EXERCISE: Leave out the pictures and repeat exactly the lines from the one containing "salmon, mushrooms and greens on a plate" through the final line of the listing below.

GIVEN DATA:
_ _ _

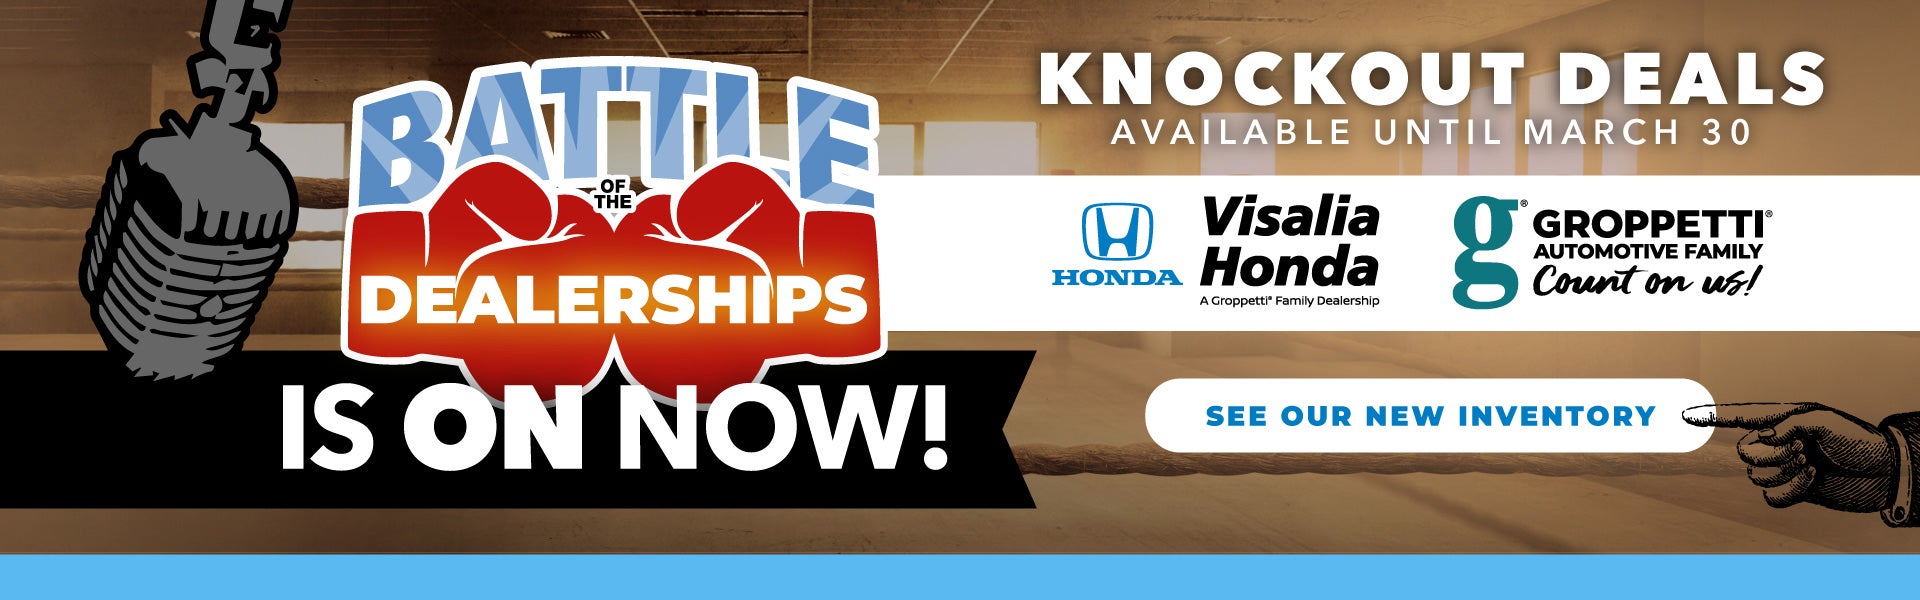 Battle of the Dealerships is ON NOW! Only at Visalia Honda!
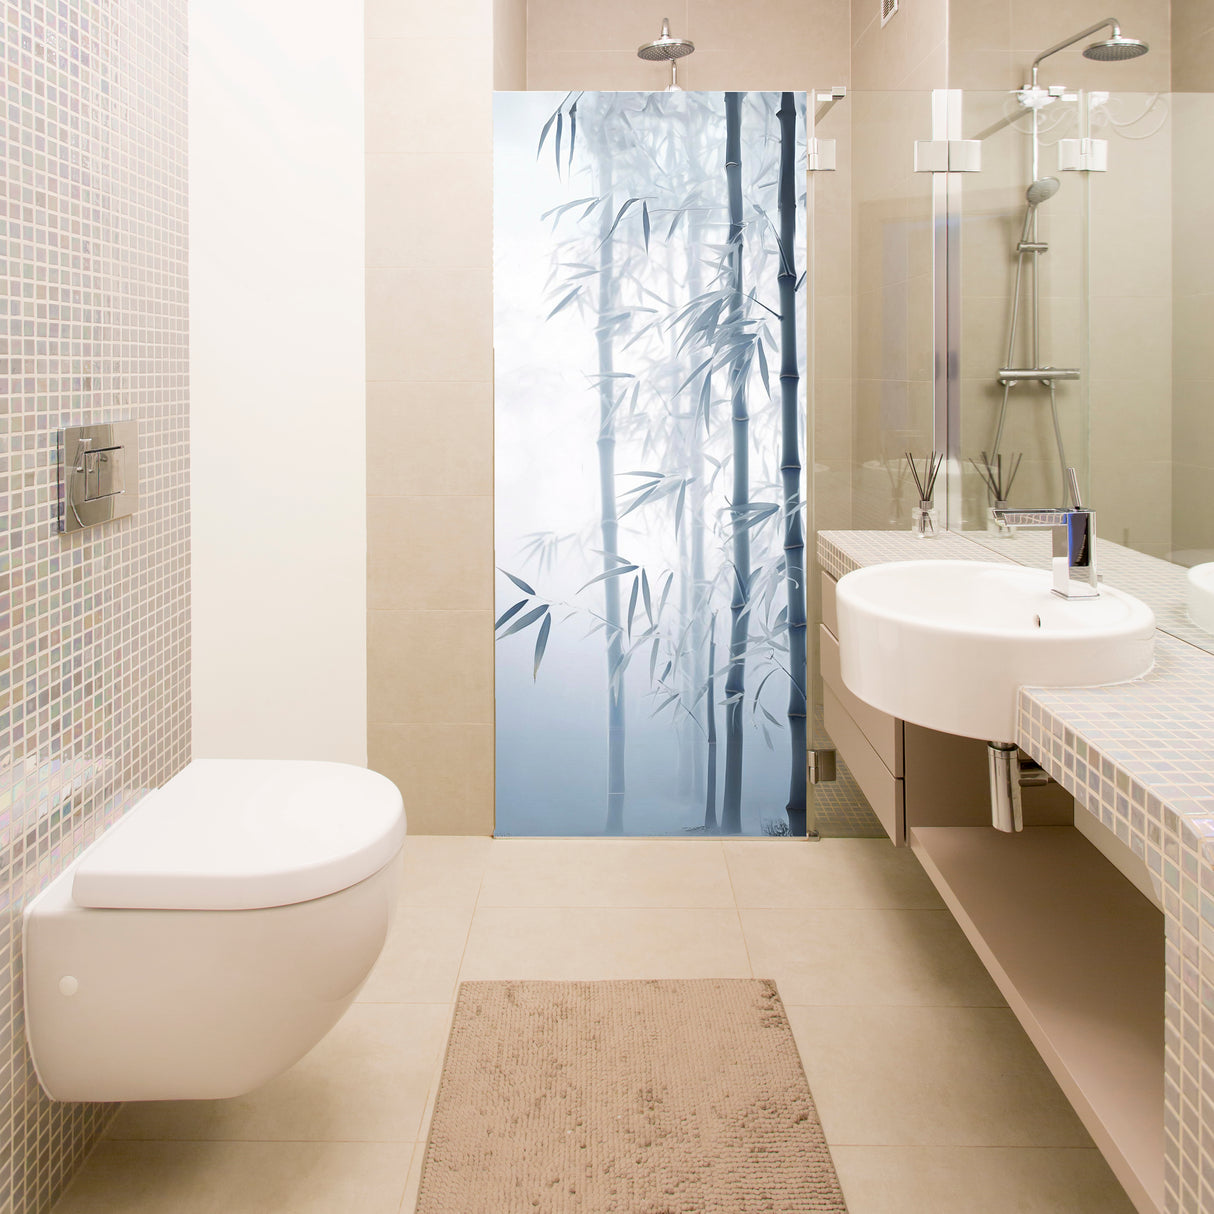 Shower Door Decal Tranquil Bamboo Forest - Ethereal Misty Reed Sticker for Bathroom Privacy
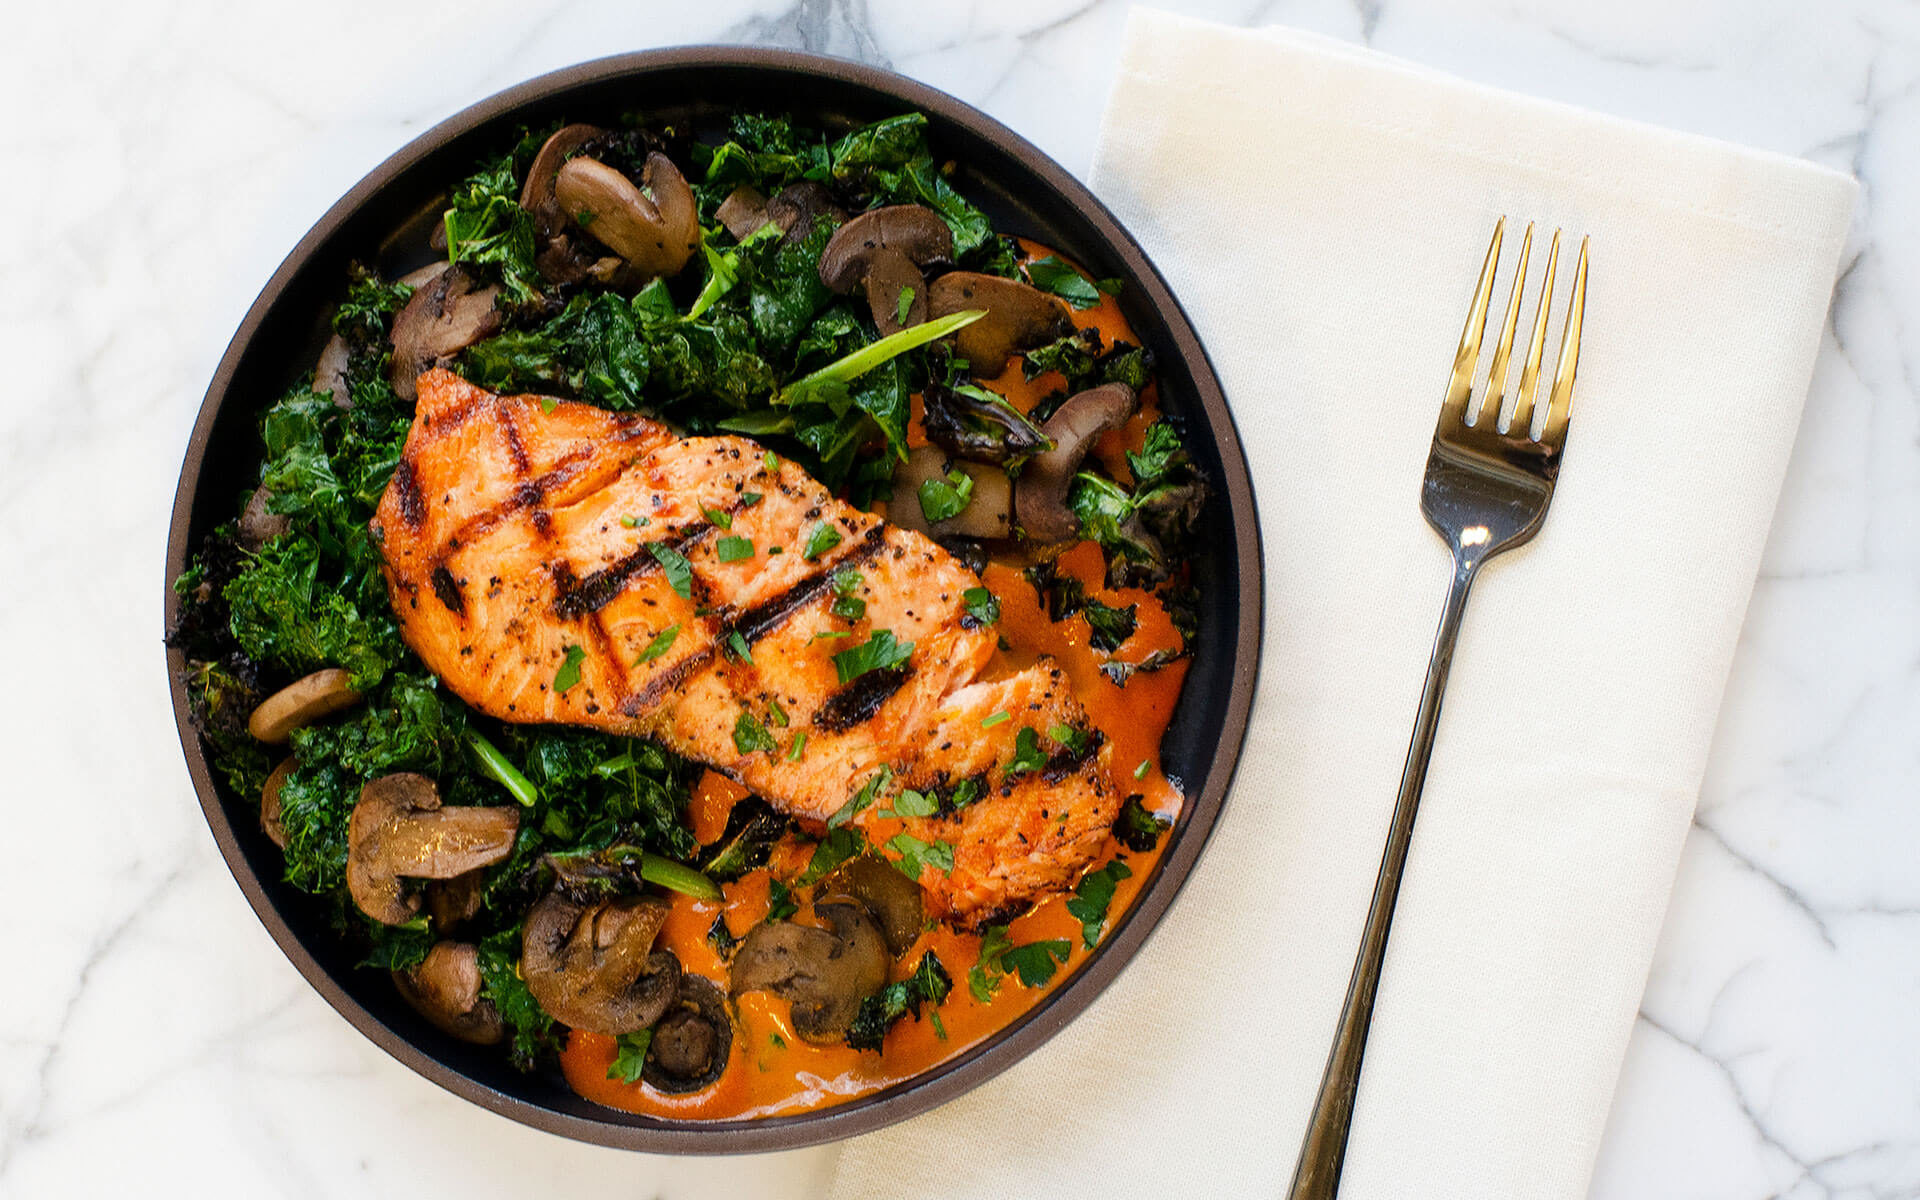 salmon, mushrooms and greens on a plate
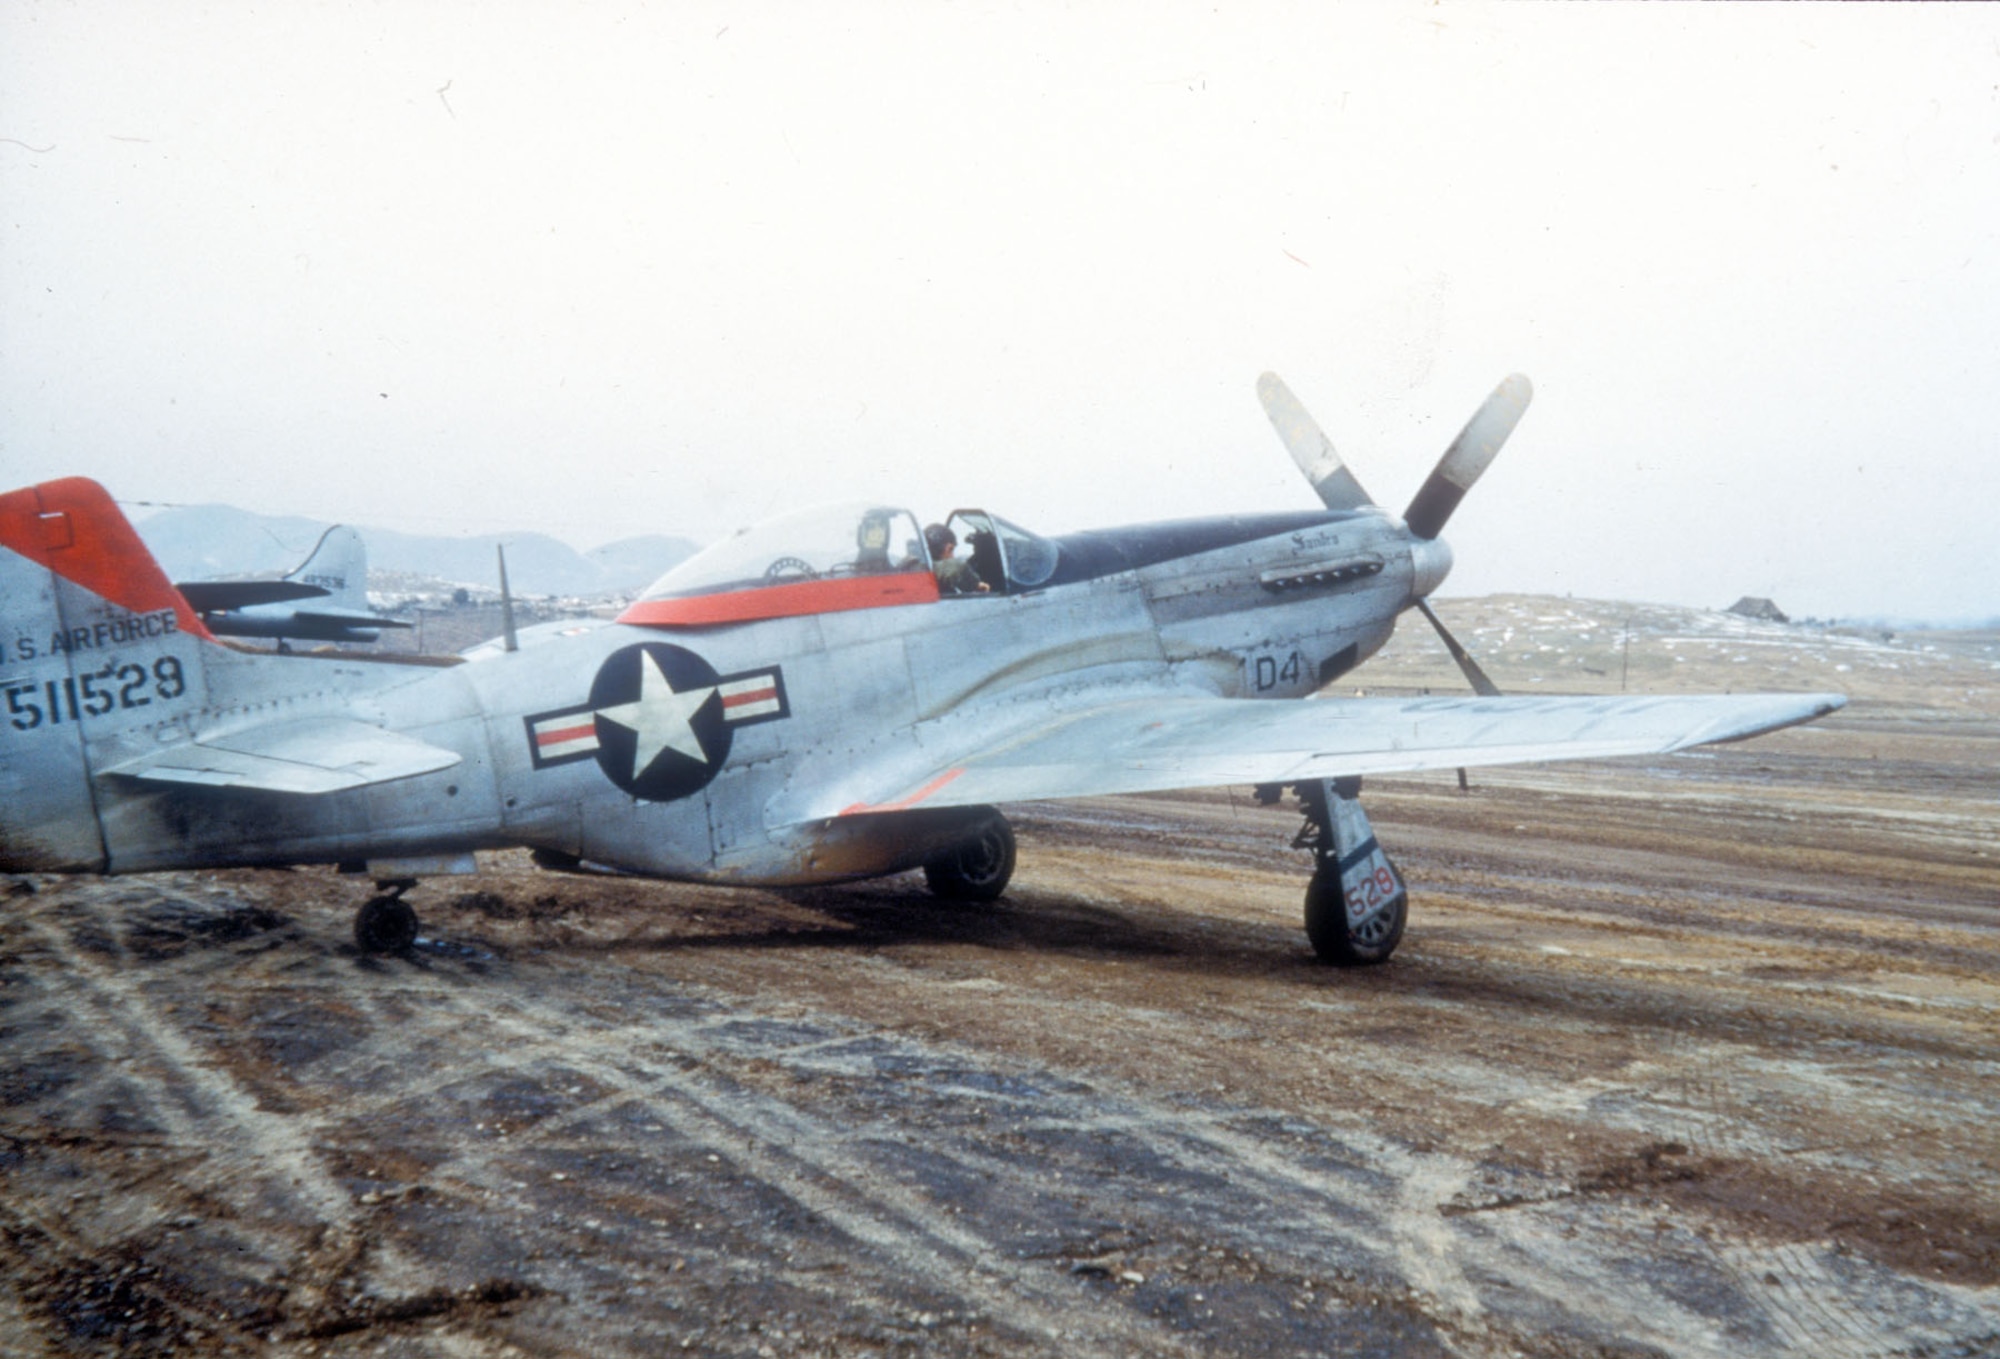 The World War II-era F-51D initially fought the North Korean Air Force, but it was primarily used as a ground attack aircraft during the Korean War. (U.S. Air Force photo)

_ _ _

EXERCISE ANSWER:
 salmon, mushrooms and greens on a plate
 The World War II-era F-51D initially fought the North Korean Air Force, but it was primarily used as a ground attack aircraft during the Korean War. (U.S. Air Force photo)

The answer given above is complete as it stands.